The members of the Peltigeraceae have a thick upper cortex of plectenchyma and in some cases strengthening veins, and long rhizinae on the lower side. Some of the species attain a large size, and, in some, soredia are formed, an evidence of advance, this being a peculiarly lichenoid form of reproduction.
The Stictaceae form a parallel but more highly organized family, which also includes closely related bright-green and blue-green series. They are all dorsiventral, but they are mostly attached by a single hold-fast and the lobes in some species suggest the fruticose type in their long narrow form. A wide cortex of plectenchyma protects both the upper and the lower surface and a felt of hairs replaces the rhizinae of other foliose lichens. In the genus Sticta (including the section Stictina) special aeration organs, cyphellae or pseudocyphellae, are provided; in Lobaria these are replaced by naked areas which serve the same purpose.
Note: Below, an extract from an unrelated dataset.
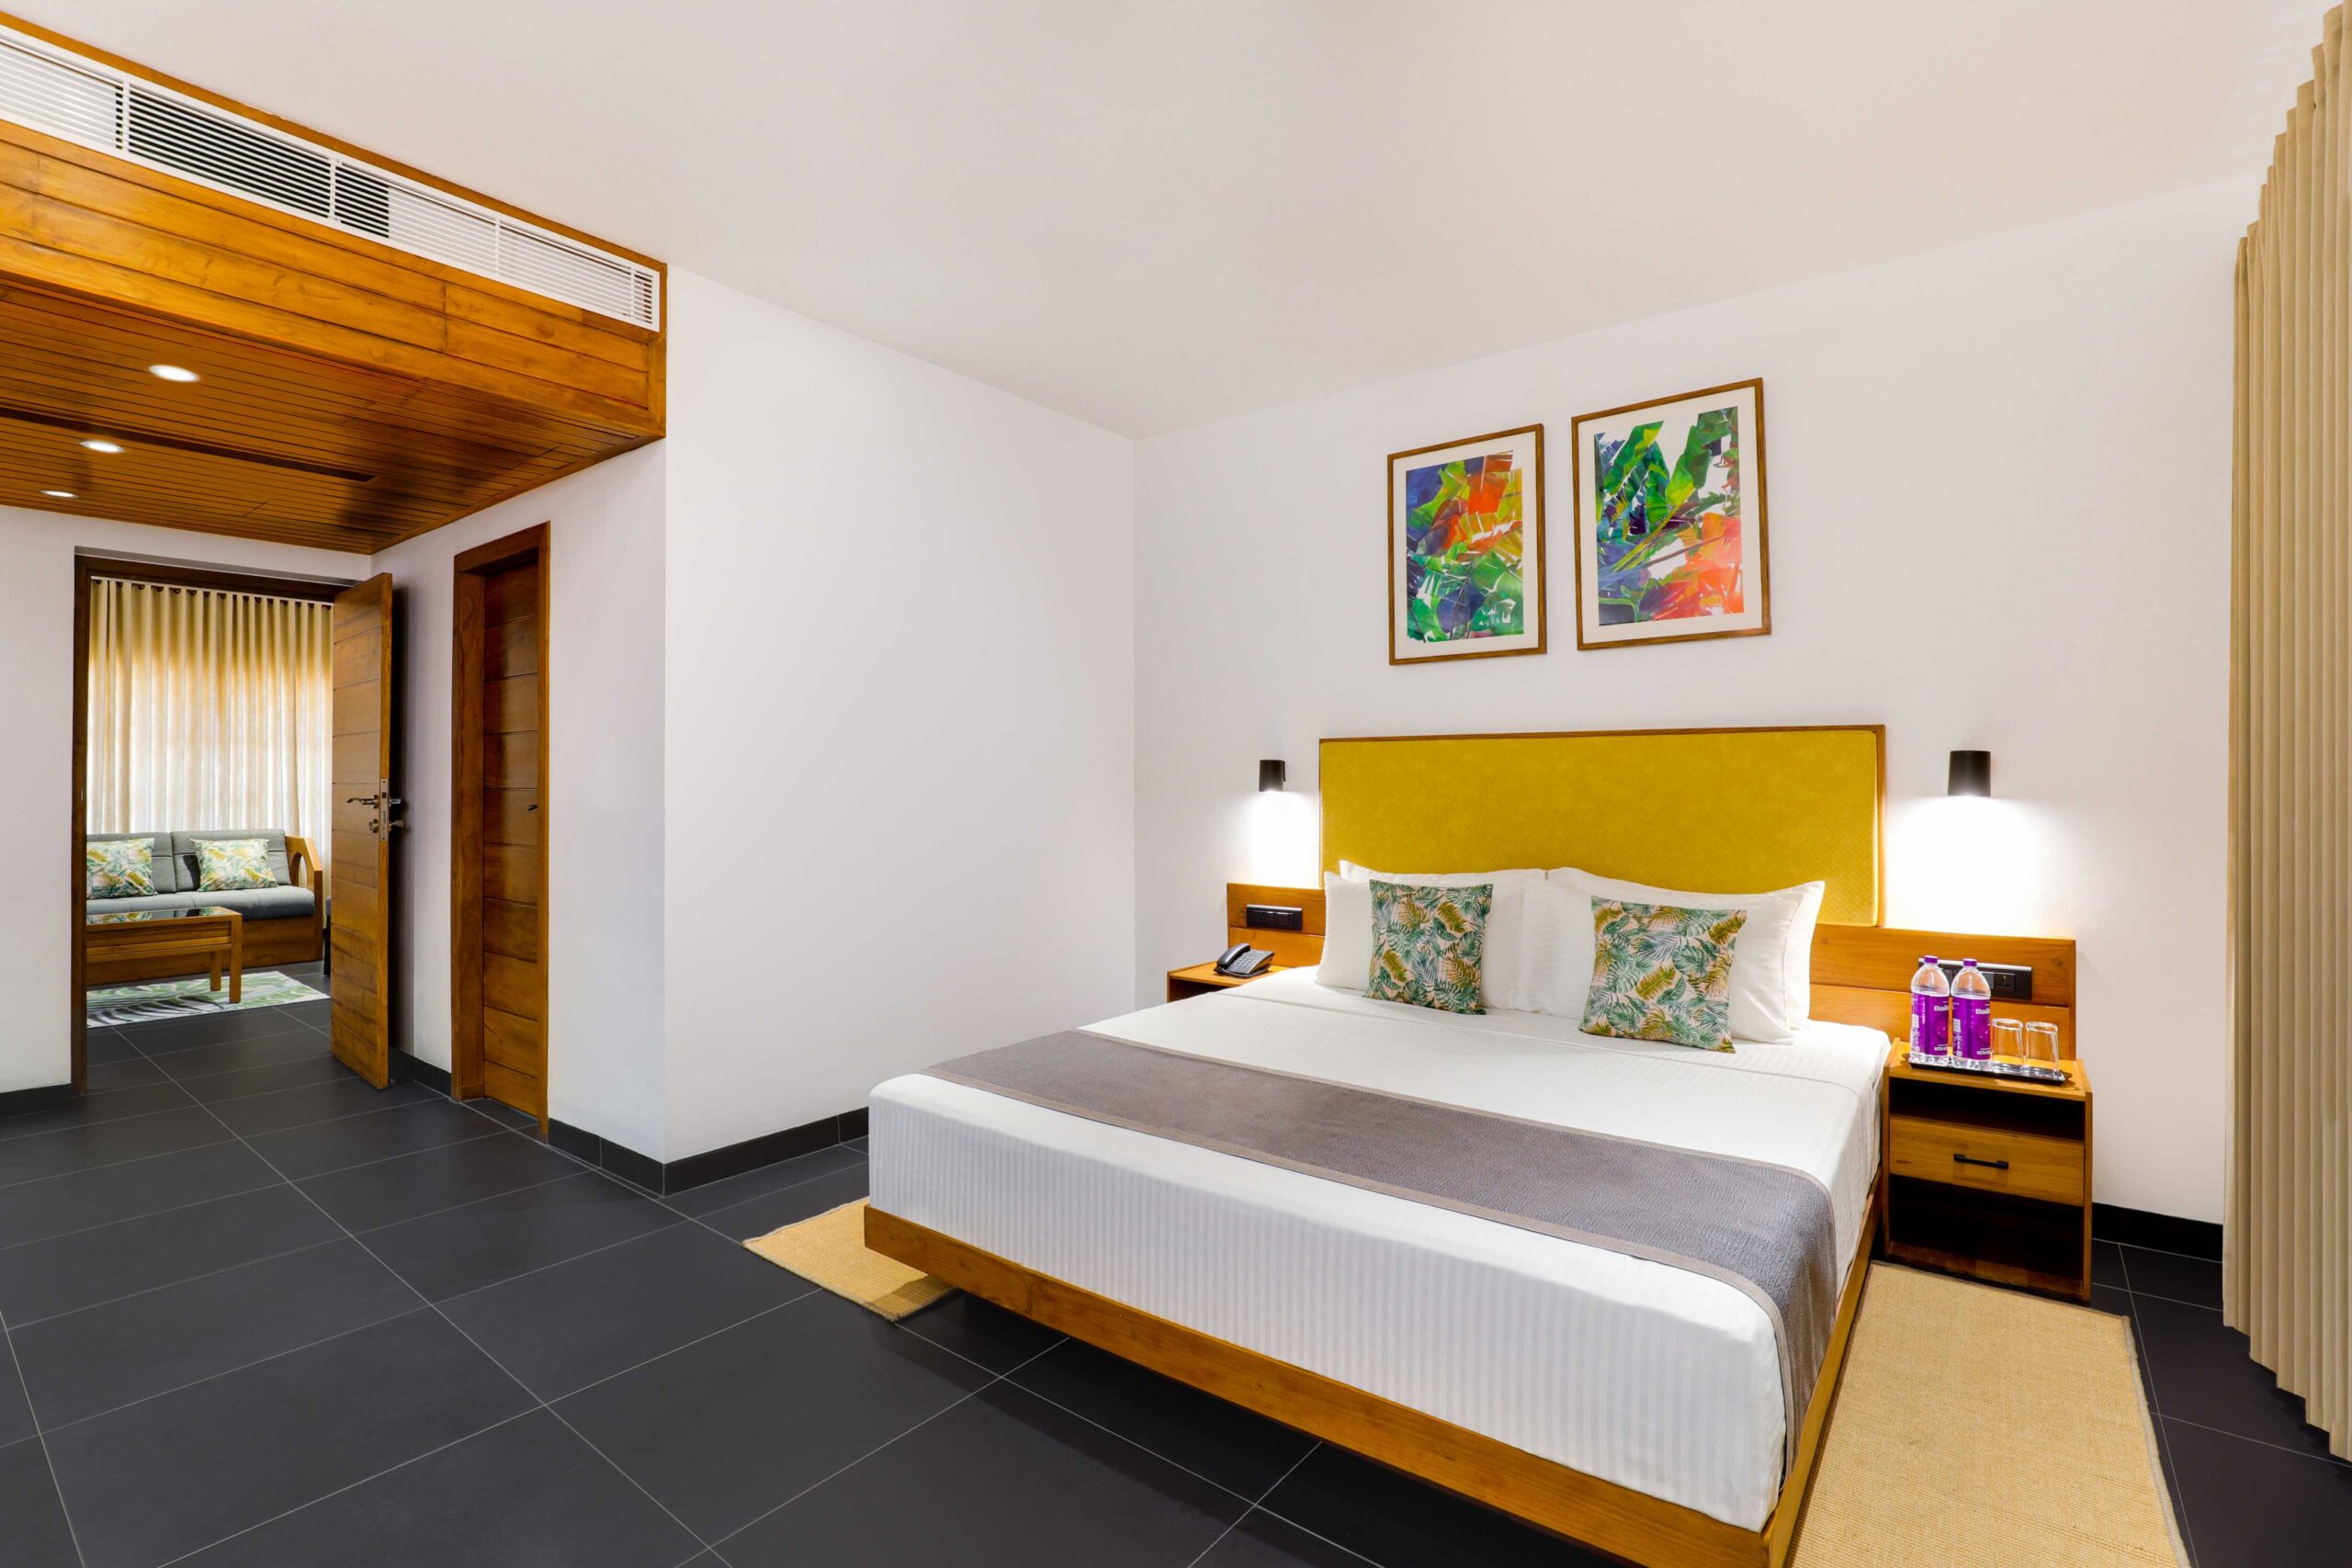 Lemon Tree Hotels launches its fifth property in Kerala with Keys Prima by Lemon Tree Hotels, Thekkady

Nylander[1002] regarded the Stictaceae as the most highly developed of all lichens, and they easily take a high place among dorsiventral forms, but it is generally conceded that the fruticose type is the more highly organized. In any case they are the highest reach of the phylum or phyla that started with Pyrenopsidaceae and Collemaceae; the lowly gelatinous thalli changing to more elaborate structures with the abandonment of the gelatinous algal sheath, as in the Pannariaceae, and with the replacement of blue-green by bright-green gonidia. Reinke[1003], considers the Stictaceae as evolved from the Pannariaceae more directly from the genus Massalongia. Their relationship is certainly with Pannariaceae and Peltigeraceae rather than with Parmeliaceae; these latter, as we shall see, belong to a wholly different series.